▸ **EXERCISE**:
Word for word, copy the entire listing below, but do not carry over any pictures.

▸ **GIVEN MATERIAL**:
++++++++

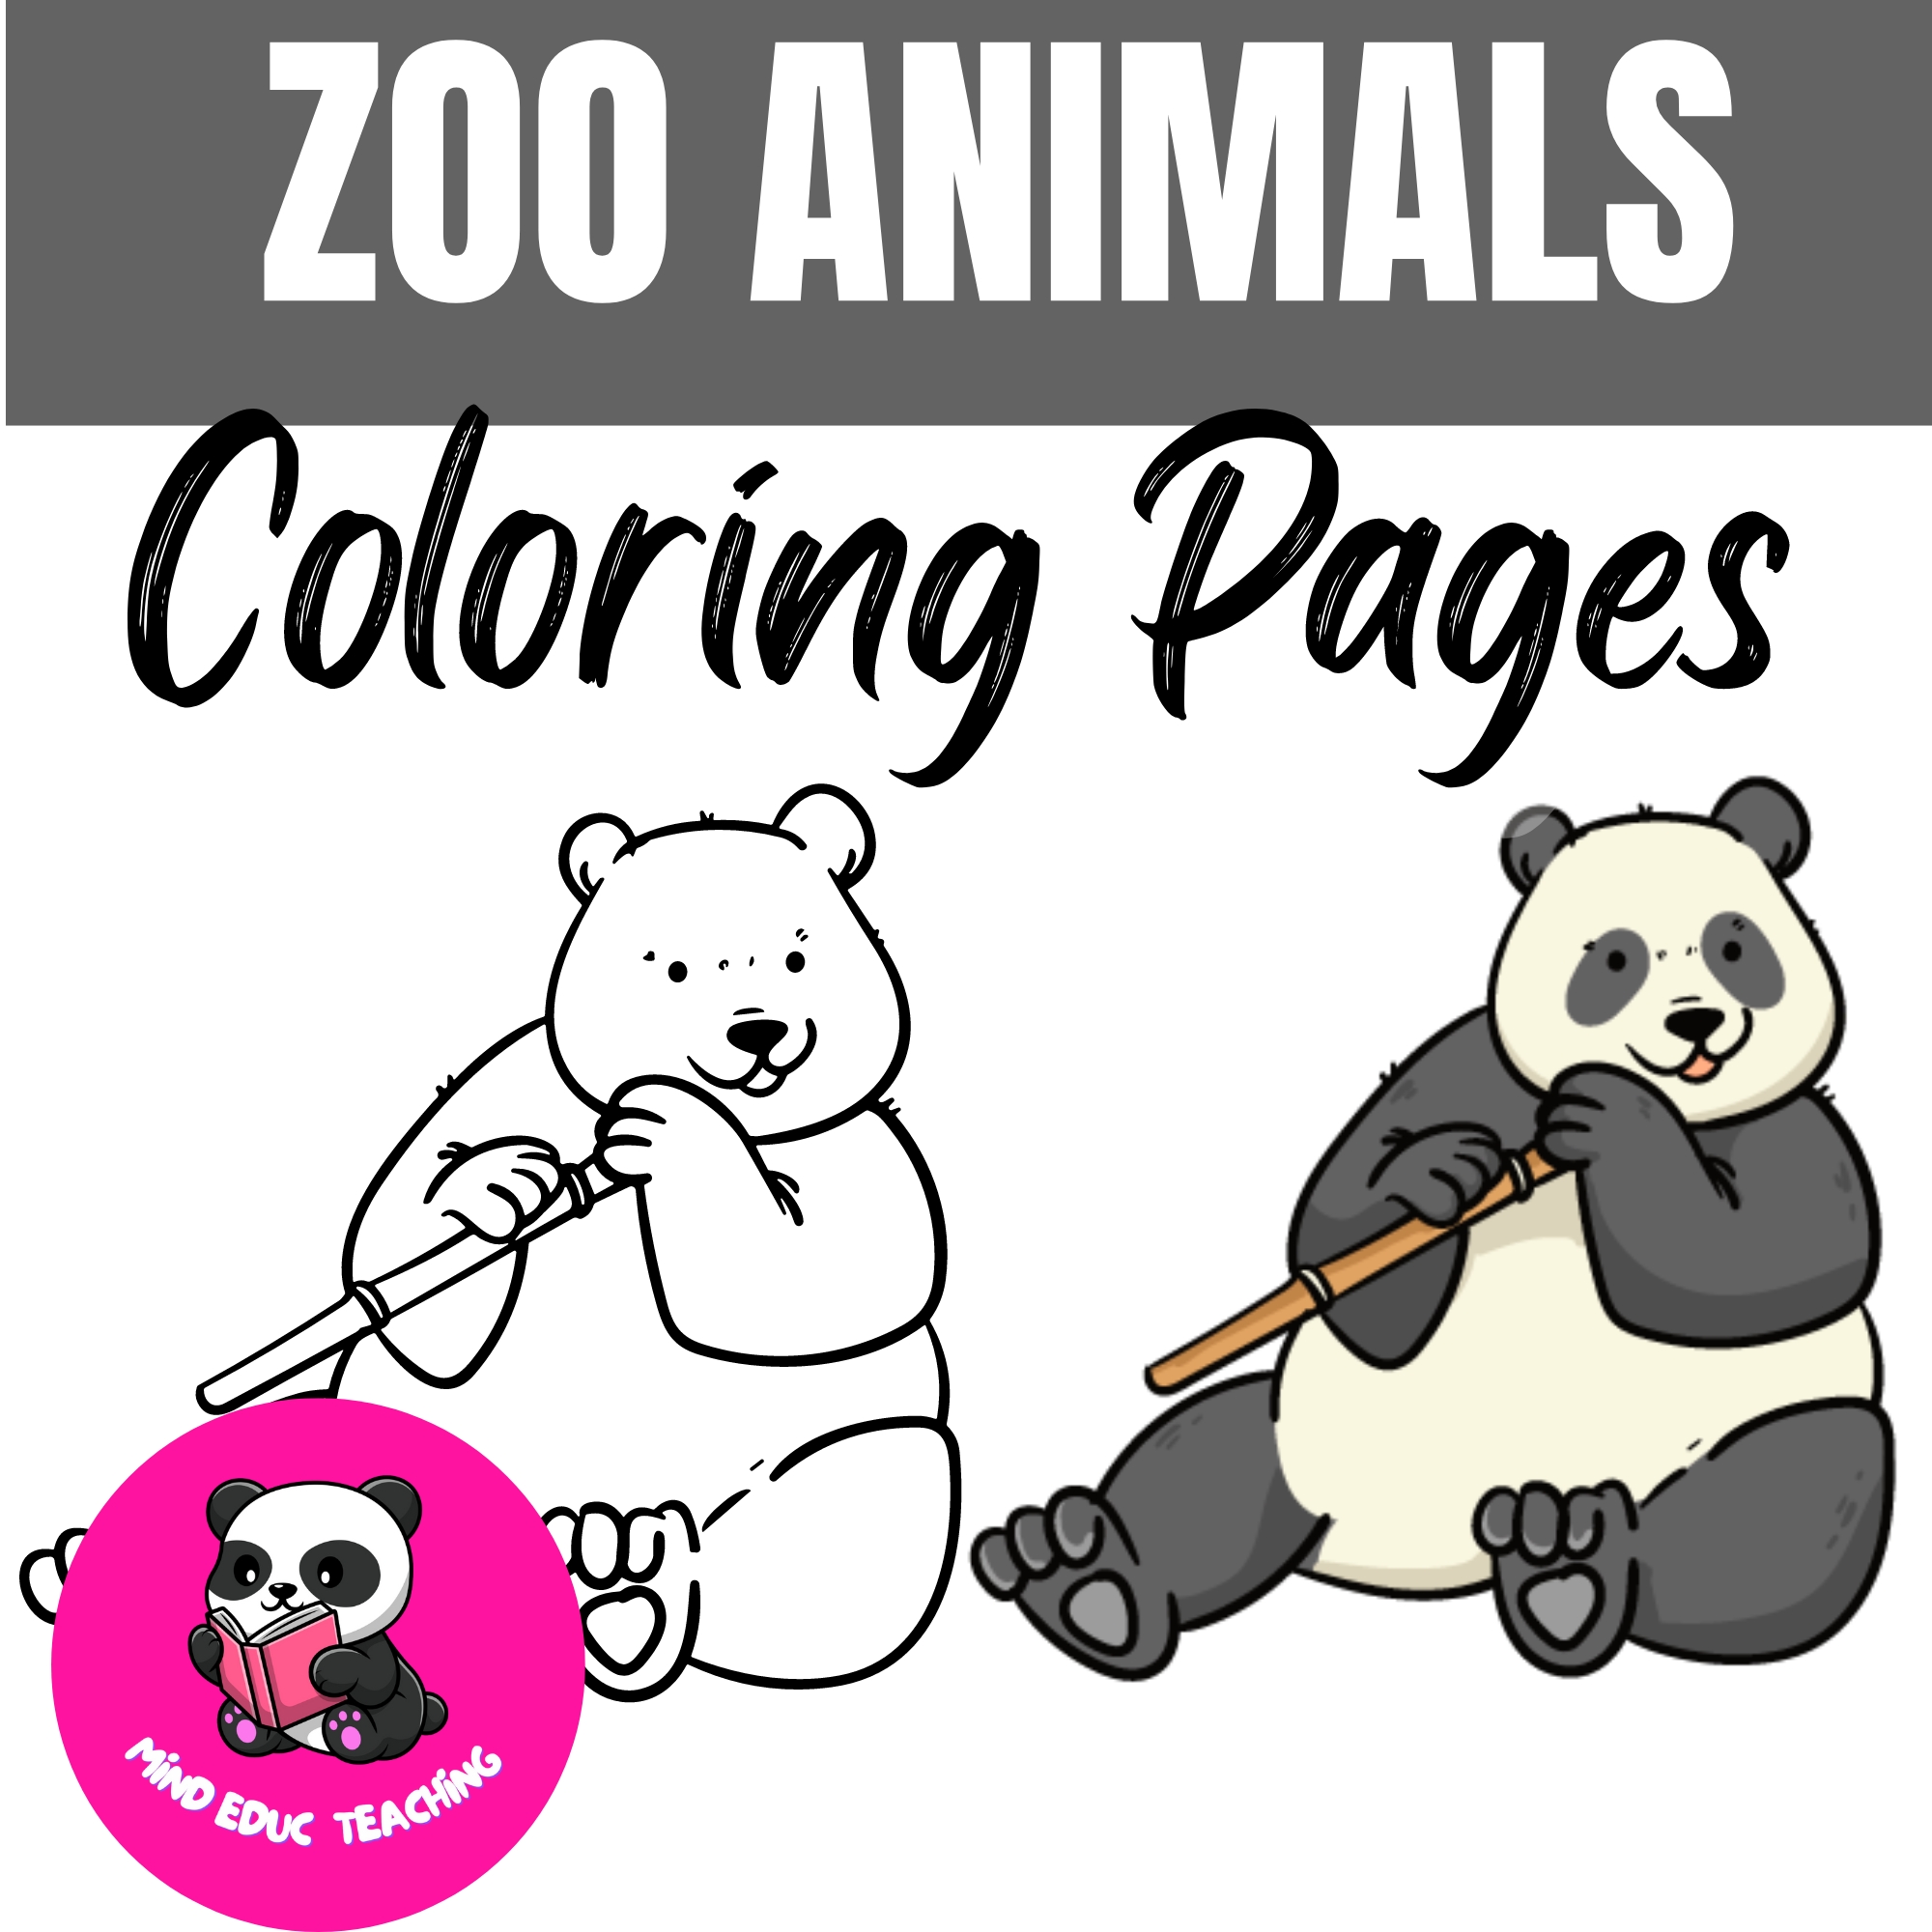 Zoo animals coloring pages made by teachers
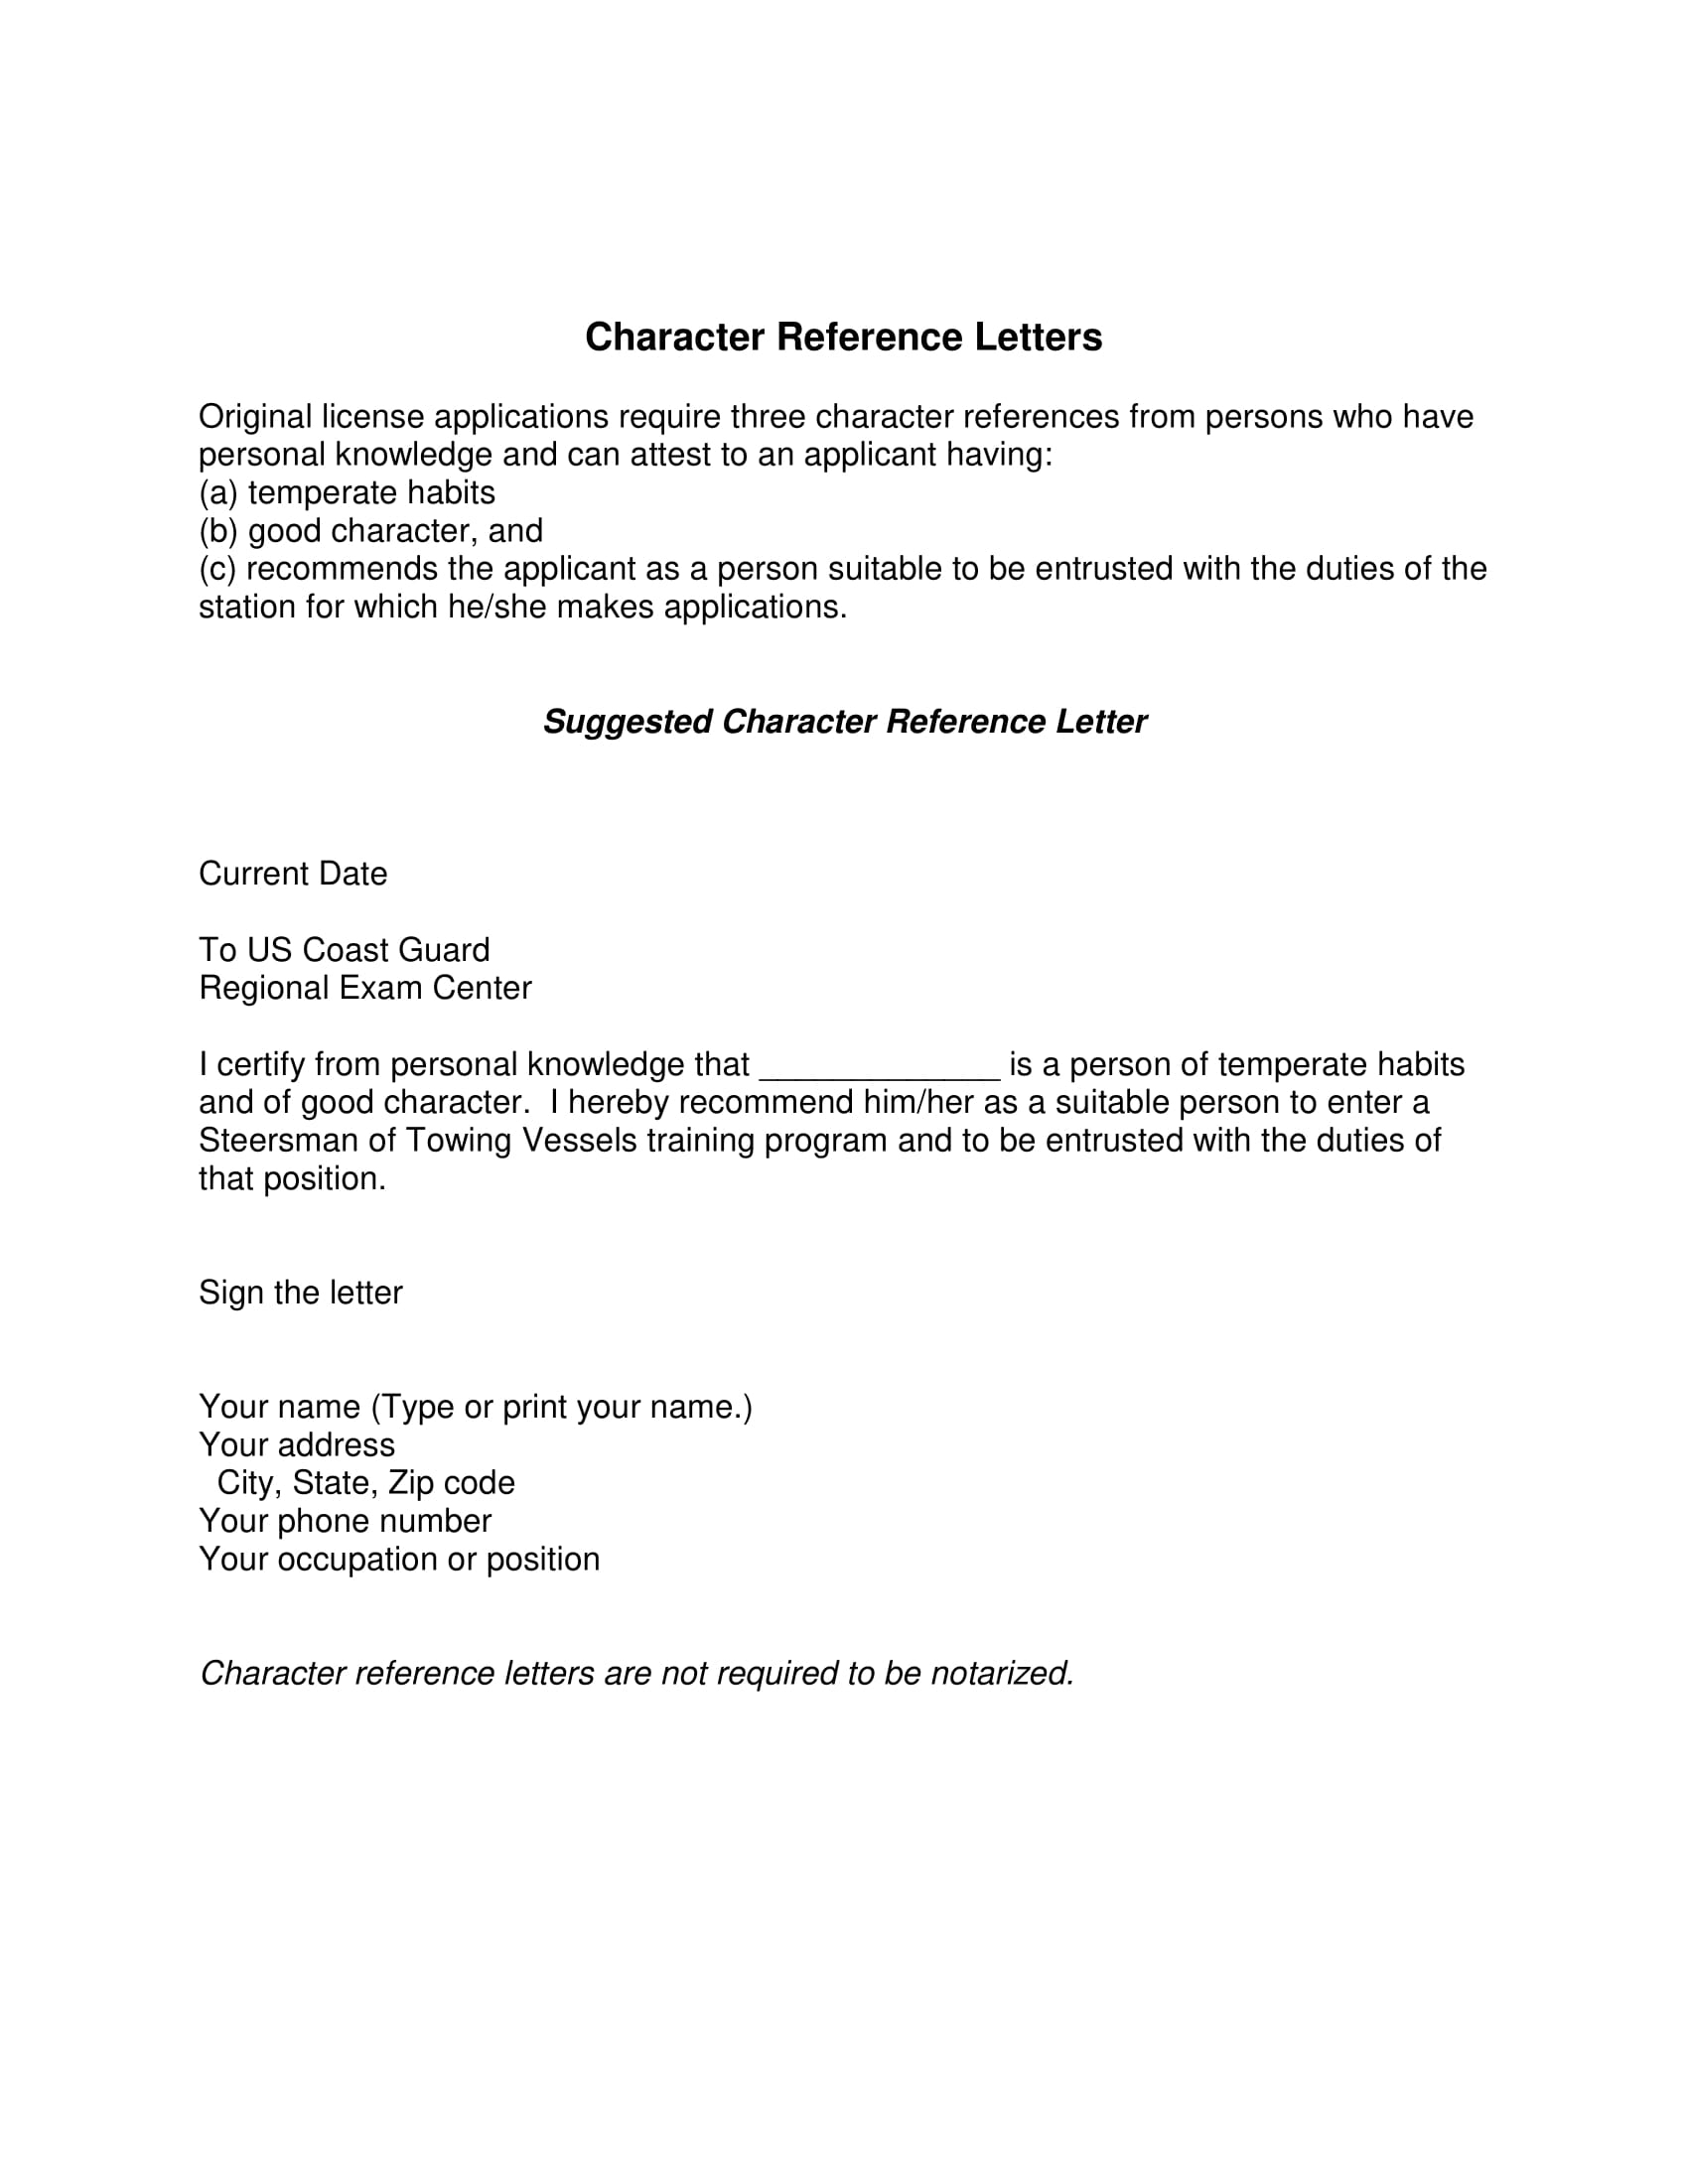 Letter of personal reference notarized
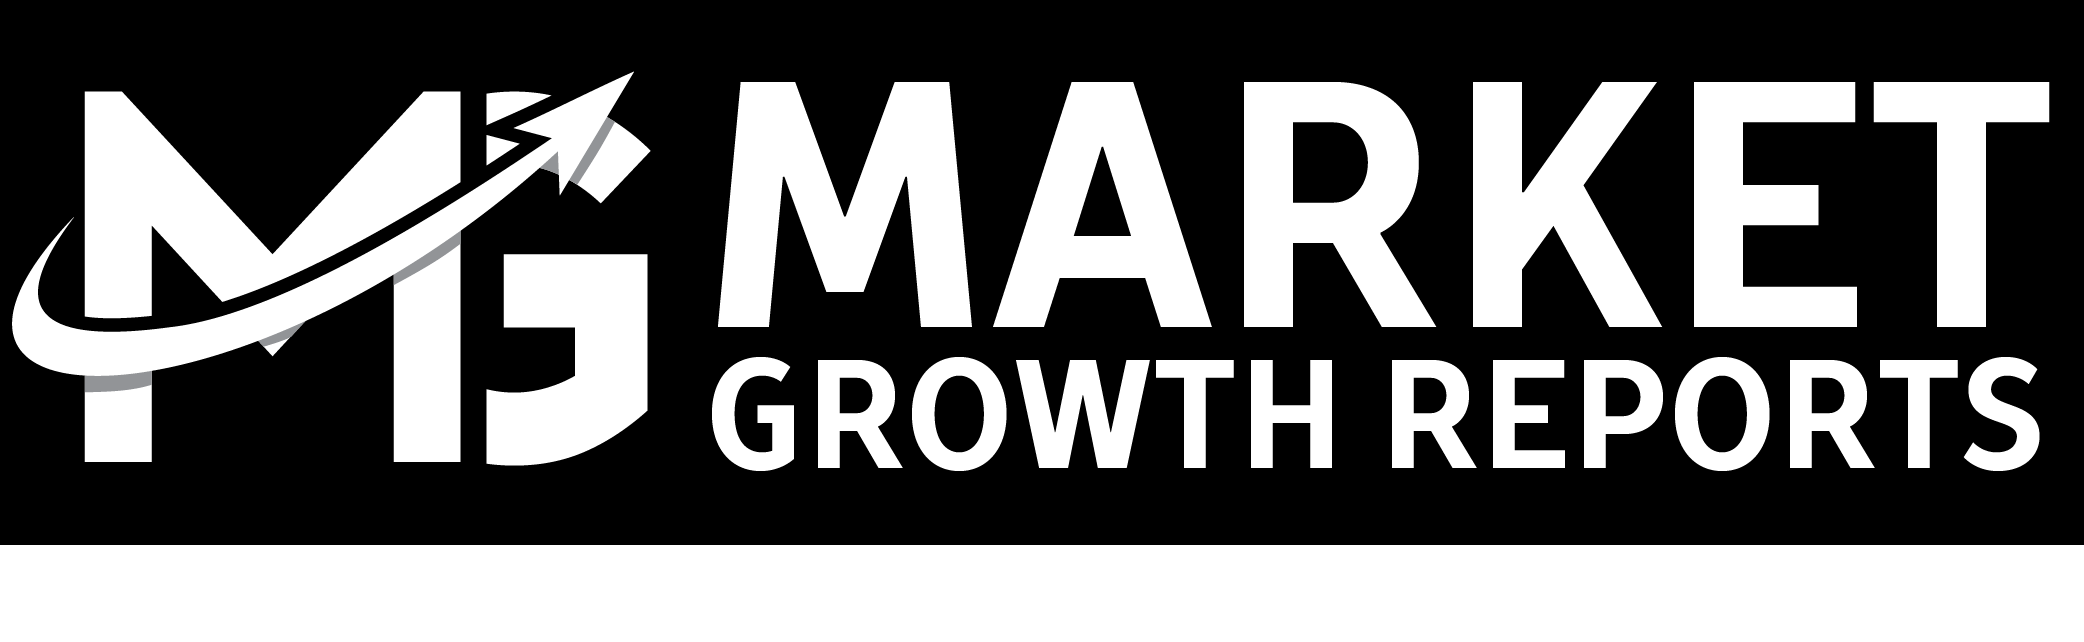 Hair Growth Products Market Trends & Forecast to 2026- Industry Analysis by Geographical Regions, Type, Trends, Growth and Application by Market Growth Reports

++++++++

▸ **RESPONSE TO THE TASK**:
 Zoo animals coloring pages made by teachers
 Letter of personal reference notarized
 Hair Growth Products Market Trends & Forecast to 2026- Industry Analysis by Geographical Regions, Type, Trends, Growth and Application by Market Growth Reports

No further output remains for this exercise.